Si les départs du Québec ne sont pas dus à des raisons salariales mais culturelles, comme nous le croyons, la meilleure manière de réduire la capacité de chantage des médecins est cependant de réduire le nombre de places en médecine attribuées par Québec à l’université McGill, principale source de départs. Ces places pourraient être plutôt allouées à des facultés présentant un meilleur taux de rétention. De façon encore plus intéressante, elles pourraient être transférées à l’Université du Québec à Trois-Rivières ou à l’Université du Québec à Chicoutimi où des embryons de facultés de médecine ont déjà été implantés avec un grand succès. On pourrait créer sur la base de ces embryons de véritables facultés spécialisées en médecine familiale. Les étudiants formés dans ces facultés auraient beaucoup plus de chance de se spécialiser en médecine familiale et de s’installer là où les besoins sont les plus pressants.

En bout de ligne, cependant, il faut comprendre que le véritable pouvoir de négociation des médecins ne vient pas du risque d’exode (largement imaginaire), mais des autres moyens de pression que peuvent exercer les médecins (dont la grève). Ce sont d’abord eux qui permettent à leurs représentants de profiter d’une pénurie artificiellement créée pour à accroître des privilèges salariaux déjà injustifiables. C’est aussi pour cela qu’il faudra un jour réduire le pouvoir des médecins dans l’économie de la santé. Le véritable enjeu ici est la formation de « super infirmières » qui auront une formation de deuxième cycle universitaire et qui pourront prendre en charge une grande partie du travail des omnipraticiens pour le tiers du coût. Cela est déjà survenu dans plusieurs juridictions et surviendra nécessairement au Québec.

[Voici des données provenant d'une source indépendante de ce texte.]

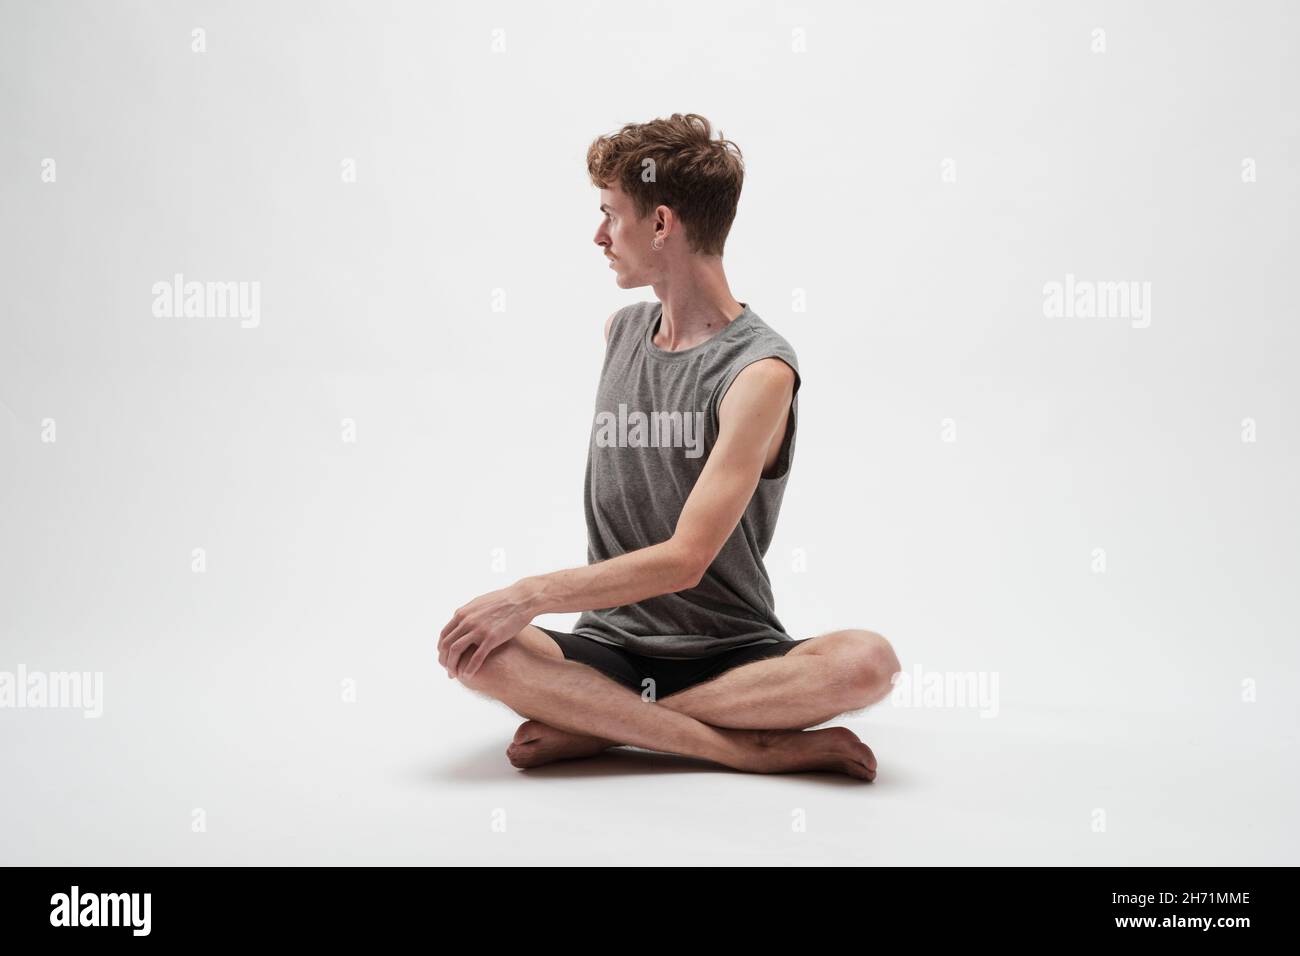 Jeune garçon méditant avec son corps tourné vers sa droite et les jambes croisées sur fond blanc Banque D'Images

Une autre stratégie consisterait à ouvrir plus largement les portes des facultés de médecine, de manière à former beaucoup plus de médecins. Le contrôle des qualifications se ferait à la fin de la formation, comme c’est déjà le cas actuellement. À terme, l’ouverture de la formation ferait nécessairement baisser les salaires, jusqu’à ce que soit atteint un meilleur équilibre, comme c’est le cas dans les autres professions. Si la baisse des salaires devait mener à une augmentation de l’exode, il suffirait d’exiger de ceux qui partent qu’ils remboursent les coûts de leur formation.

Une dernière solution, d’une toute autre nature, serait d’accorder aux médecins l’augmentation salariale qu’ils réclament, mais d’en profiter pour ajouter un nouveau palier d’imposition pour les salaires de plus de 200 000$. Le nouveau seuil pourrait s’élever, par exemple, à 35 % (au lieu du plafond actuel de 24% pour les revenus de plus de 76 770$), et permettrait d’aller chercher d’une main les sommes qu’on nous force à consentir de l’autre.

Conclusion

Avec un revenu moyen de près de 300 000$ par année, la masse salariale des 18 000 médecins québécois représente un poids presque aussi lourd sur le trésor public que celle des quelque 80 000 fonctionnaires provinciaux. Il s’agit donc d’un enjeu de taille pour les finances publiques. Nous sommes persuadés que plusieurs médecins sont conscients du caractère extraordinaire des conditions salariales dont ils jouissent et sont mal à l’aise avec les revendications de leurs représentants. Nous espérons qu’ils sauront les inciter à la modération et ne pas profiter d’une pénurie entretenue artificiellement par les facultés de médecine et le Collège des médecins.